You are viewing a plain text version of this content. The canonical link for it is here.
Posted to announce@apache.org by lewis john mcgibbney <le...@apache.org> on 2012/06/07 18:52:32 UTC

[ANNOUNCE] Apache Nutch 1.5 Released

(apologies for cross posting...)

Good Afternoon Everyone,

The 1.5 release of Nutch is now available. This release includes
several improvements including upgrades of several major components
including Tika 1.1 and Hadoop 1.0.0, improvements to LinkRank and
WebGraph elements as well as a number of new plugins covering
blacklisting, filtering and parsing to name a few. Please see the list
of changes

http://www.apache.org/dist/nutch/CHANGES-1.5.txt

made in this version for a full breakdown of the 50 odd improvements
the release boasts. A full PMC release statement can be found below

http://nutch.apache.org/#07+June+2012+-+Apache+Nutch+1.5+Released

Apache Nutch is an open source web-search software project. Stemming
from Apache Lucene, it now builds on Apache Solr adding web-specifics,
such as a crawler, a link-graph database and parsing support handled
by Apache Tika for HTML and and array other document formats. Nutch
can run on a single machine, but gains a lot of its strength from
running in a Hadoop cluster.
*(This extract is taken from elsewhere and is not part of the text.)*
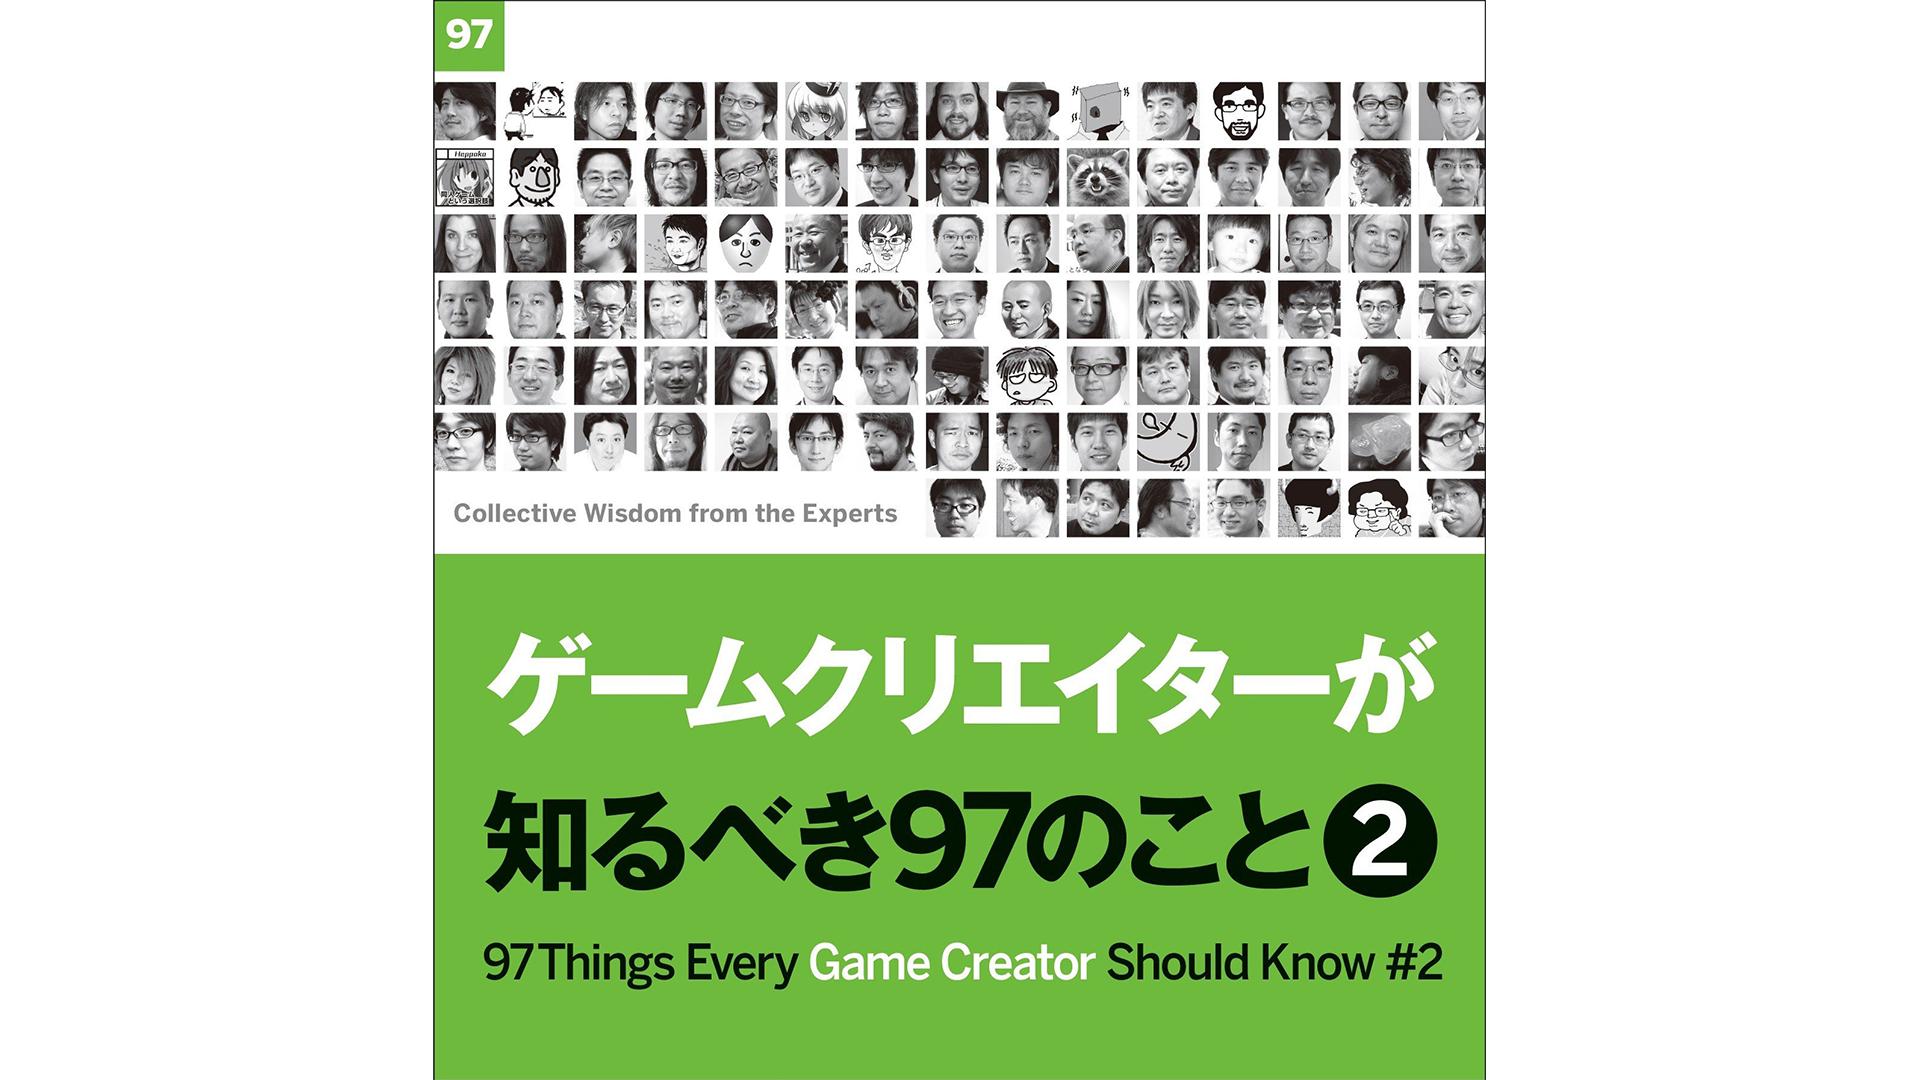 オライリー・ジャパン「ゲームクリエイターが知るべき97のこと 2」に弊社取締役COOのエミリオ・ガジェゴがローカライズをテーマに寄稿!ローカライズ、インターナショナリゼーション、それらを含むグローバリゼーションについて熱く語る

The system can be enhanced (eg other
document formats can be parsed) using a highly flexible, easily
extensible and thoroughly maintained plugin infrastructure.
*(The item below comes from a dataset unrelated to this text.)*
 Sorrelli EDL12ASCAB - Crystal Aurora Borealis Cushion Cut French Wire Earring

Nutch is available in source and binary form (zip and tar.gz) from the following
download page: http://www.apache.org/dyn/closer.cgi/nutch/

In the initial 48 hours, the release may not be available on all mirrors.
When downloading from a mirror site, please remember to verify the downloads
using signatures found on the Apache site:

http://www.apache.org/dist/nutch/KEYS

For more information on Apache Nutch, visit the project home page:
http://nutch.apache.org

Thank you very much

Lewis John McGibbney (on behalf of the Apache Nutch community)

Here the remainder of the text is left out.